Aclaro: el jugar con los dialectos y los lenguajes diestramente es un instrumento narrativo de poder singular. El director hongkongnés Wong Kar-wai lo hizo maravillosamente en “2046”. En la cinta, los personajes hablan distintos dialectos de China e incluso el japonés. El diálogo fluye como el tiempo en una narrativa anticronológica en donde el mandarín de Gong Li y Zhang Ziyi se entrelaza con el cantonés de Tony Leung y el japonés de Takuya Kimura. El director se aprovecha de las divisiones lingüísticas y sus respectivos fondos históricos no sólo para conferir un tinte característico a cada personaje sino también para encontrar una especie de ágora donde convergen los tiempos, los espacios y las historias. La utilización de varios dialectos en la cinta no apunta a la ignorancia de las diferencias, sino a una inclinación panasiática, a la articulación de un lenguaje universal a la vez que se respetan las particularidades y diferencias de cada personaje.
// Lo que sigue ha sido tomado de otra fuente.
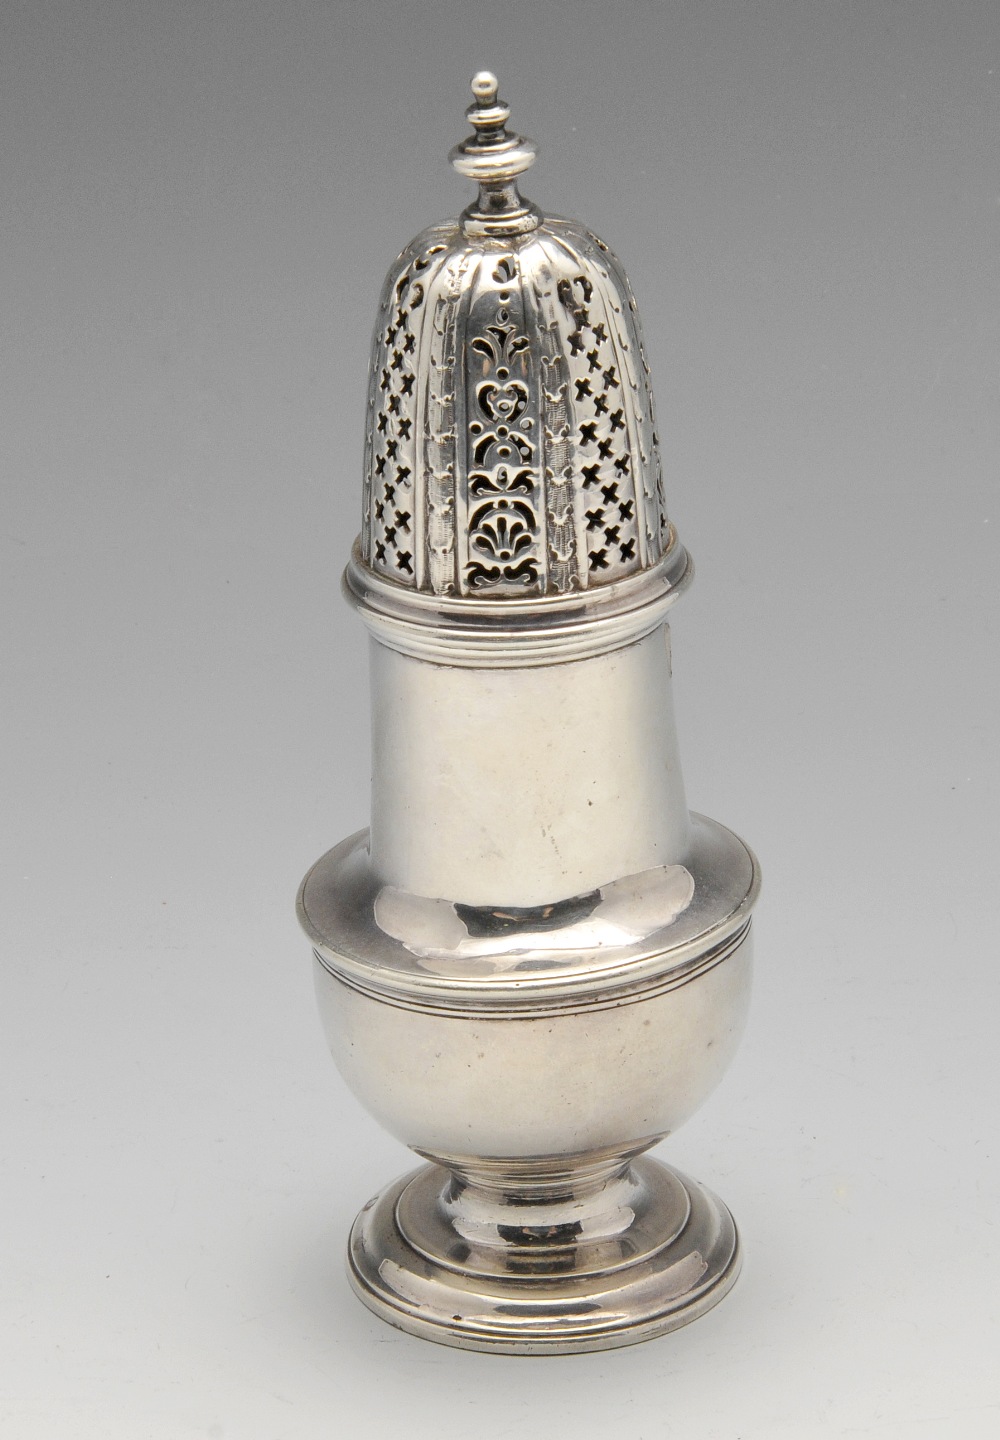 A George II silver caster of vase form with pierced cover and baluster finial. Hallmarked London

El error — garrafal, desde mi punto de vista — de “Breaking Bad” no es el único en la televisión estadounidense pero marca el ápice de mi frustración. Quizás la altura de mis expectativas también refleja una tonta e irremediable posición en la que espero que la televisión sea una fuente poco convencional de información, conocimiento y arte. Pero “Breaking Bad,” por todas las razones que listé anteriormente, me había dado esperanza de que marcaría una era nueva en el tratamiento del español en la pantalla grande y chica. Lo que me lleva a cuestionar ¿por qué ocurre esto y a quién echarle la culpa? ¿Será imposible tener una representación precisa y creíble de un personaje hispanohablante en el mainstream de la industria del entretenimiento en EE.UU.? ¿Le importa a la audiencia en general? ¿Será que en un mundo cada vez más global y transcultural aún se pueden justificar esta clase de esencialismos y tergiversación cultural? Me atrevo a argumentar que es un síntoma del imperialismo cultural.

Creo que el asunto se reduce en parte a una cuestión de expectativas, y ésta por su parte se reduce en el poder y nivel adquisitivo y de consumo (tanto monetario como cultural) del público imaginado de estos productos. Es decir, estos programas asumen que la audiencia anglosajona es más exigente que la hispanohablante. Y quizá, en cierta medida en este momento, tienen razón. Mas no es una excusa. Ese “descuido” (para utilizar un término benévolo) señala que ven a los hispanohablantes como grupos intercambiables cuyas historias se confunden por la afinidad lingüística. Este “descuido” es animado quizá por un afán de simplificar un mundo complejo, de dominar lo foráneo y lo exótico, de encasillar “un exceso” (como diría Homi Bhabha) en un paquete reconocible para un público incomprendido. La ignorancia es opresiva y se difunde rápidamente. Como espectadores, artistas y comunidad (diversa y distinta), exijamos más.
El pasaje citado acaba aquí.